My all-time favorite band is probably Superdrag. They're more of a blues-inflected rock than power pop, but I'd say that a song like their "Lighting the Way" is about as good as any power pop song out there.

Q: I'm also hearing quite a bit of Guided by Voices on the album. Is that too much of a stretch?

A: Not at all -- that's a great compliment, in fact. I'm fascinated by them: I find them brilliant and kind of baffling in equal measure, honestly. I suspect that all but their most ardent admirers would admit that they have a bit of a ... consistency issue, but [Guided by Voices singer-songwriter] Robert Pollard at his best has written so many amazing pop-rock tunes, he makes it seem almost effortless. "Motor Away" is one of my top 20 favorite songs.

Q: Concerning the whole maladjusted-loner-in-a-basement angle, how does it feel to have these songs out in the world?

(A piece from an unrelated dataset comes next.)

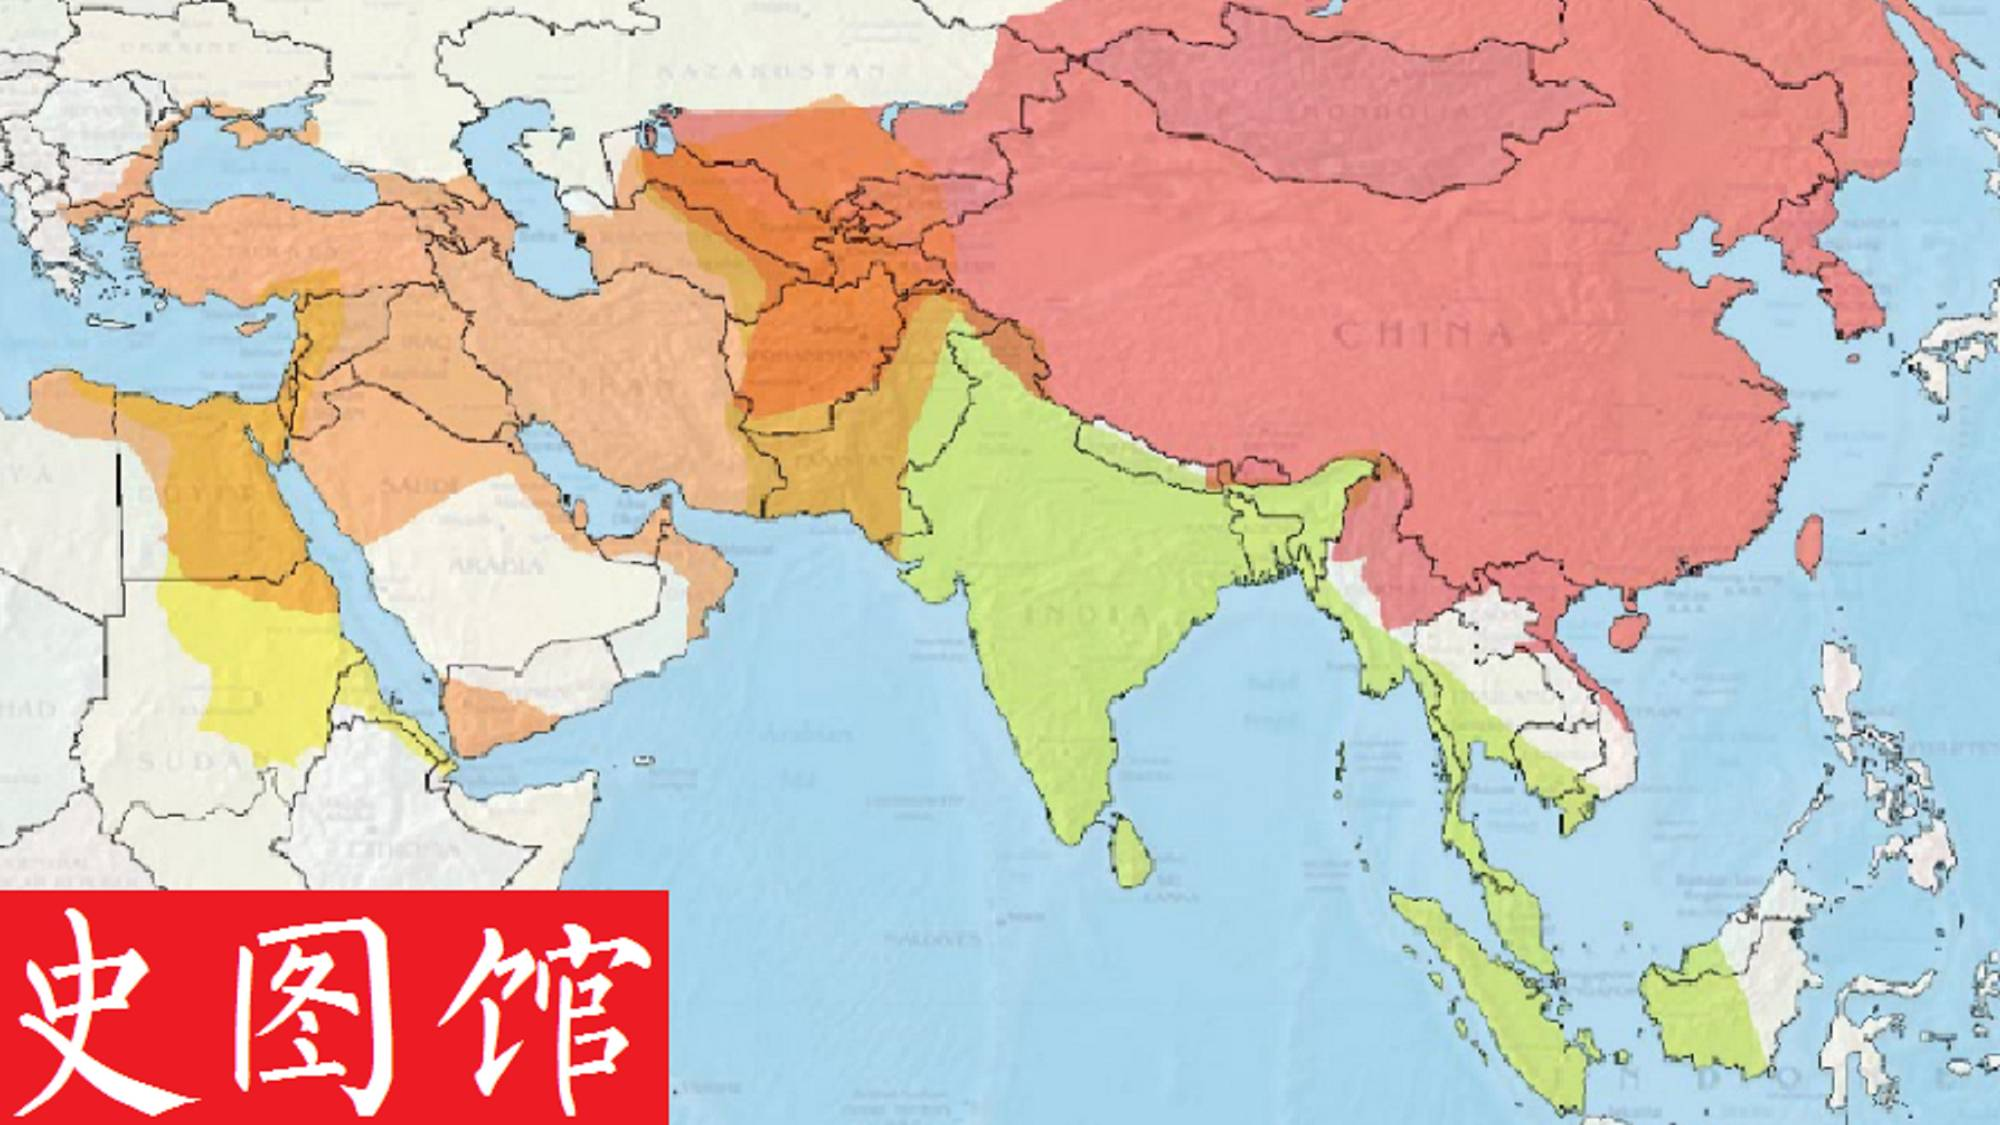 【史图馆】四大古文明历代极盛疆域

A: I am -- and forgive if this sounds humblebraggy -- not a very adept self-promoter, as I noted earlier. So, yes, it can be a bit of a conundrum when you're simultaneously trying to spread the word about your music while at the same time still trying to hide under your usual rock. But I've had some -- admittedly very modest -- positive feedback, which has been much appreciated ... and everyone I've encountered within the little "keeping-power-pop-alive" community has been super-nice. (Even if actually hearing a stranger say something complimentary about one of my songs remains for me an exquisitely discomforting experience, I am nonetheless extremely thankful!)